McGinley began his argument by describing the Second Circuit's approach as an "outlier view" with "no basis in law or logic". He asserted that the Second Circuit had created "an inherently contradictory test" and he asked that the Court reverse. After McGinley's opening statement, questions began with Justice Thomas. Over the course of the oral argument, McGinley had extended colloquies with Justices Sotomayor, Gorsuch, Kagan, and Jackson.

Following McGinley, Radine rose to the podium to present his arguments. Whereas McGinley had primarily focused on the Federal Rules of Civil Procedure themselves in his argument, Radine instead highlighted the atypical procedural history of the case and argued that the respondents "did everything you'd want litigants to do." He concluded his opening statement by referencing "extraordinary circumstances" pertaining to this case that merit the sort of balancing of Rules 60(b)(6) and 15(a) that the Second Circuit had engaged in. Questions once again began with Justice Thomas, this time followed up shortly by Justice Kavanaugh. More extended colloquies were engaged with Justices Kagan, Gorsuch, Barrett, and Jackson. Additionally, Justices Sotomayor and Alito had brief exchanges with Radine during the final round of questions moderated by the Chief Justice.

Arguments concluded with McGinley's rebuttal. He once again called for the Court to reverse entirely upon the Second Circuit's ruling, and he described the respondents' arguments regarding procedural irregularities as "inexcusable neglect" that courts should not be rescuing litigants from. He concluded by reminding the Court that this case relates to events that ultimately happened twenty-five years prior and described the matter as a "zombie case that should have been over years ago."

The total duration of the oral arguments was 52 minutes and 41 seconds.

== Holding ==
The opinion of the court was authored by Justice Thomas. The opinion given by Thomas was joined in toto by all of the other justices, except for Justice Jackson who joined to all parts of the opinion save for Part III and gave a separate concurrence expressing her divergence.

The holding reversed the Second Circuit's approach to balancing the interests of Rules 60(b) and 15(a).
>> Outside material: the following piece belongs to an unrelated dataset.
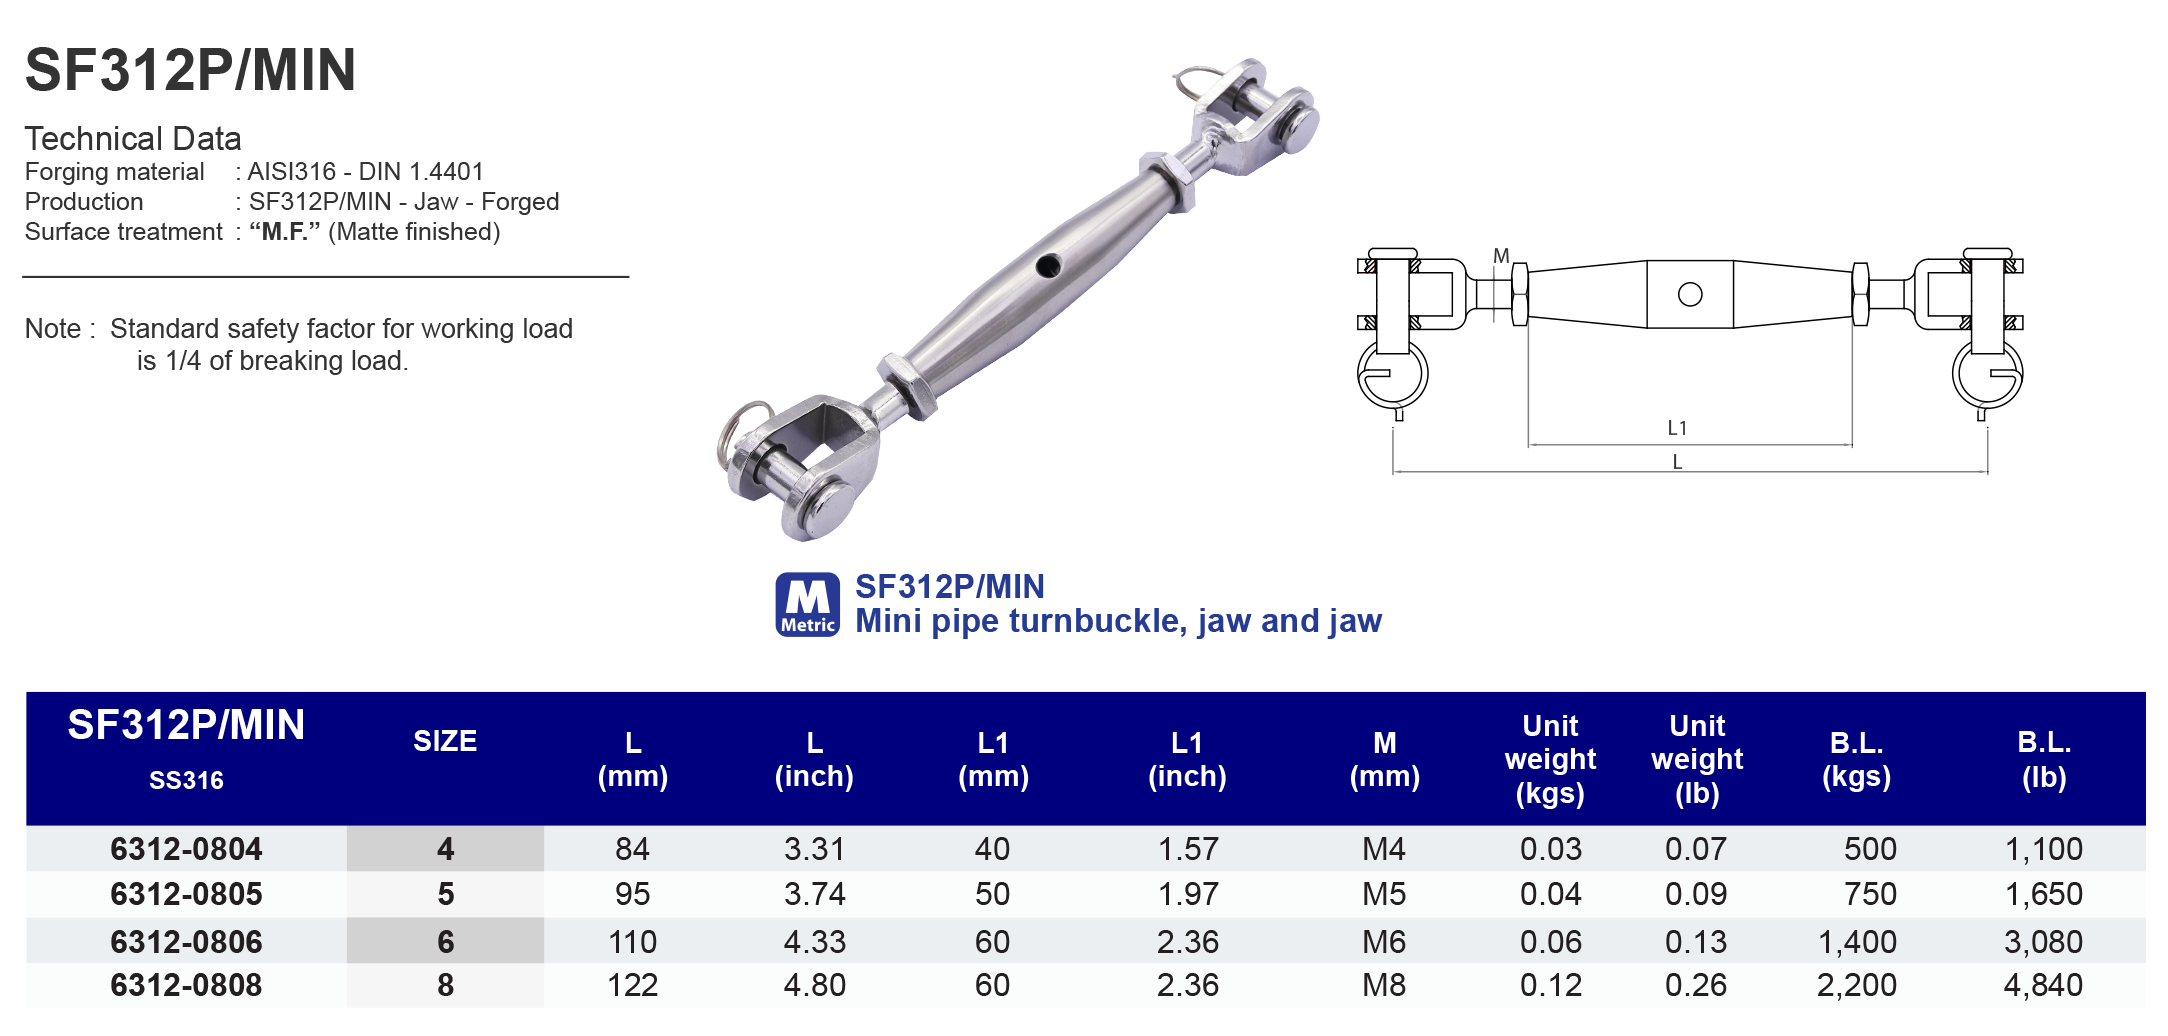 SF312P/MIN Mini pipe turnbuckle jaw and jaw - 316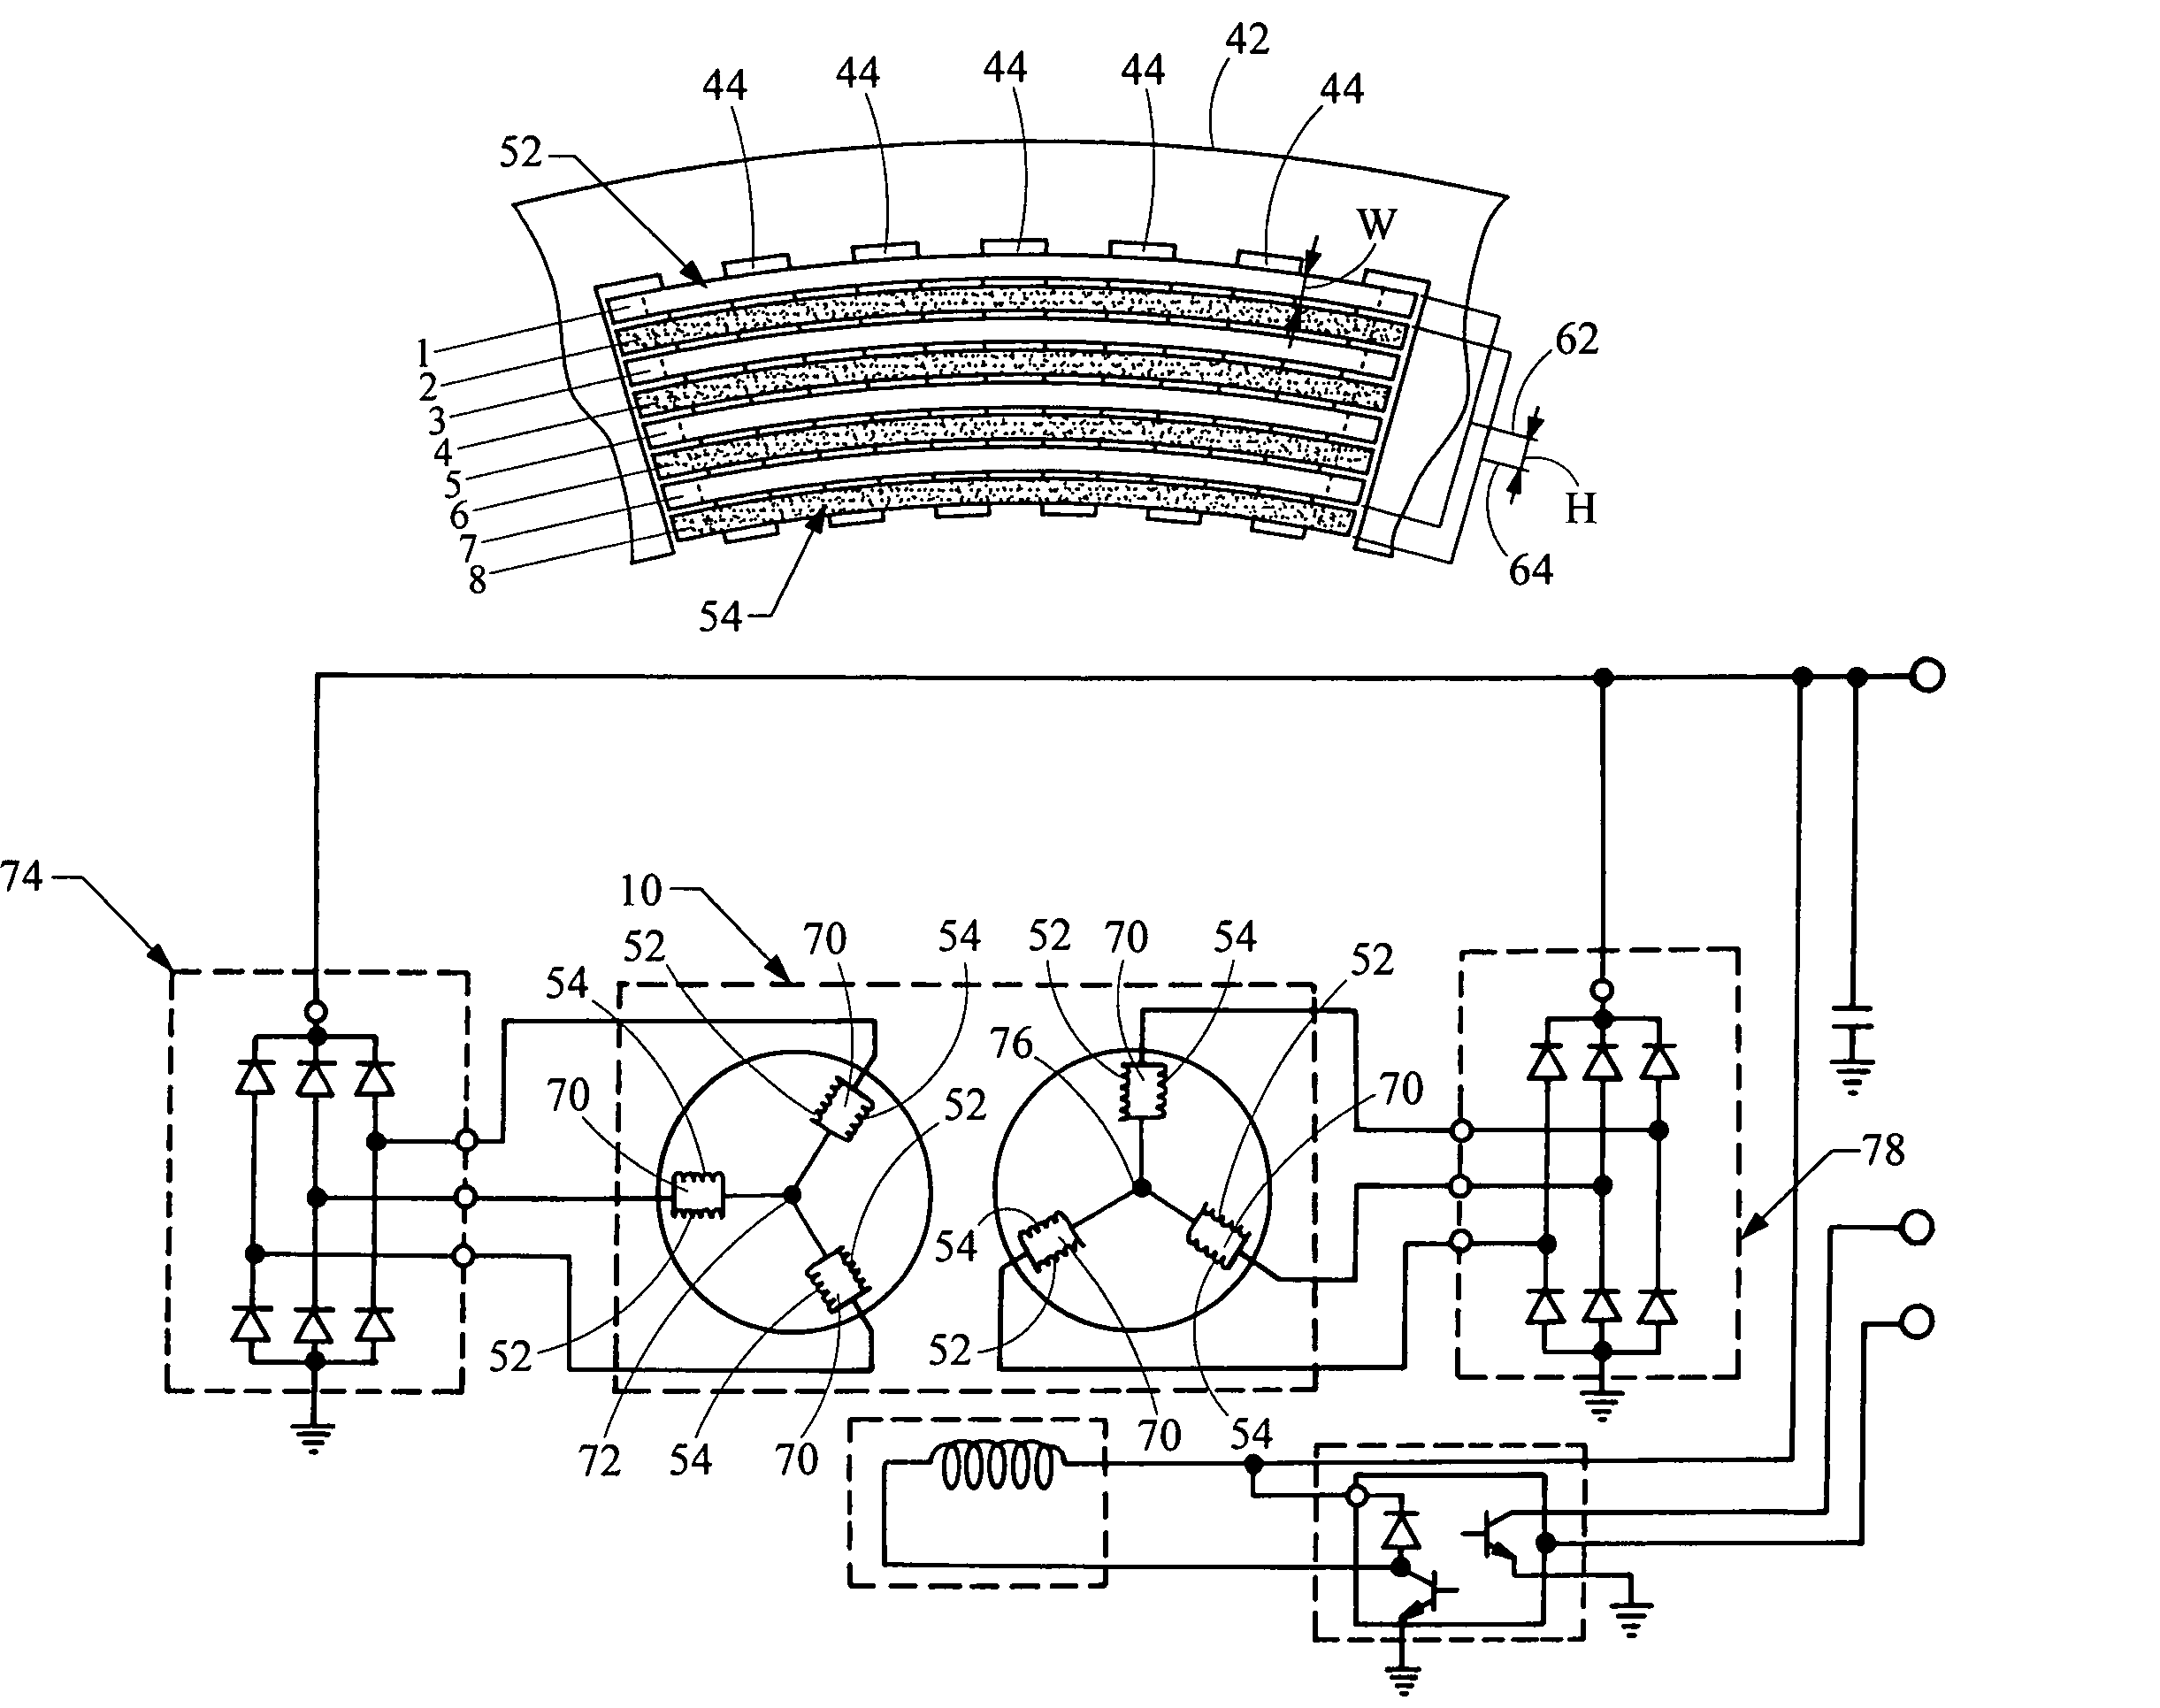 Electrical machine having a stator winding with a plurality of filars

In its stead, the Court reasserted the necessity of the standards set in Rule 60(b). In particular, the Court explained that the relationship between the two rules is governed by an "order of operations": Rule 60(b)'s requirements must be satisfied first before Rule 15(a)'s liberal pleading amendment policy can come into consideration. The Court rejected the Second Circuit's notion that Rule 15(a)'s liberal amendment policy would bear any weight on determining whether it was appropriate to reopen a case via Rule 60(b).

Specifically at issue in this case was Rule 60(b)(6), which the Court describes as a "catchall" for any matters of judicial fairness that fall outside of the circumstances expressly allowed for in Rule 60(b)(1)-(5). The Court reaffirmed the catchall status of 60(b)(6) and that it is only available in "extraordinary circumstances" by referencing their earlier holding in the 2022 case Kemp v. United States. The Court also gave an overview of its previous jurisprudence on the matter dating back to 1949 in order to illustrate how it is important that the party moving for relief under Rule 60(b)(6) must be faultless in the extraordinary circumstances they allege. This was not apparent for the plaintiffs in the present case, which the trial court describes as having “had ample opportunity to pursue all legal avenues available to them for relief."

The Court in its holding also took issue with the Second Circuit's decision to weigh in on the matter of the plaintiffs' Rule 60(b)(6) motion at all. Rulings on Rule 60(b) motions are only reviewable on an abuse-of-discretion standard. The District Court here applied the correct legal standard and gave adequate rationale for its decision based on the present facts. Therefore, the Second Circuit erred in finding this matter appropriate for their review in the first place.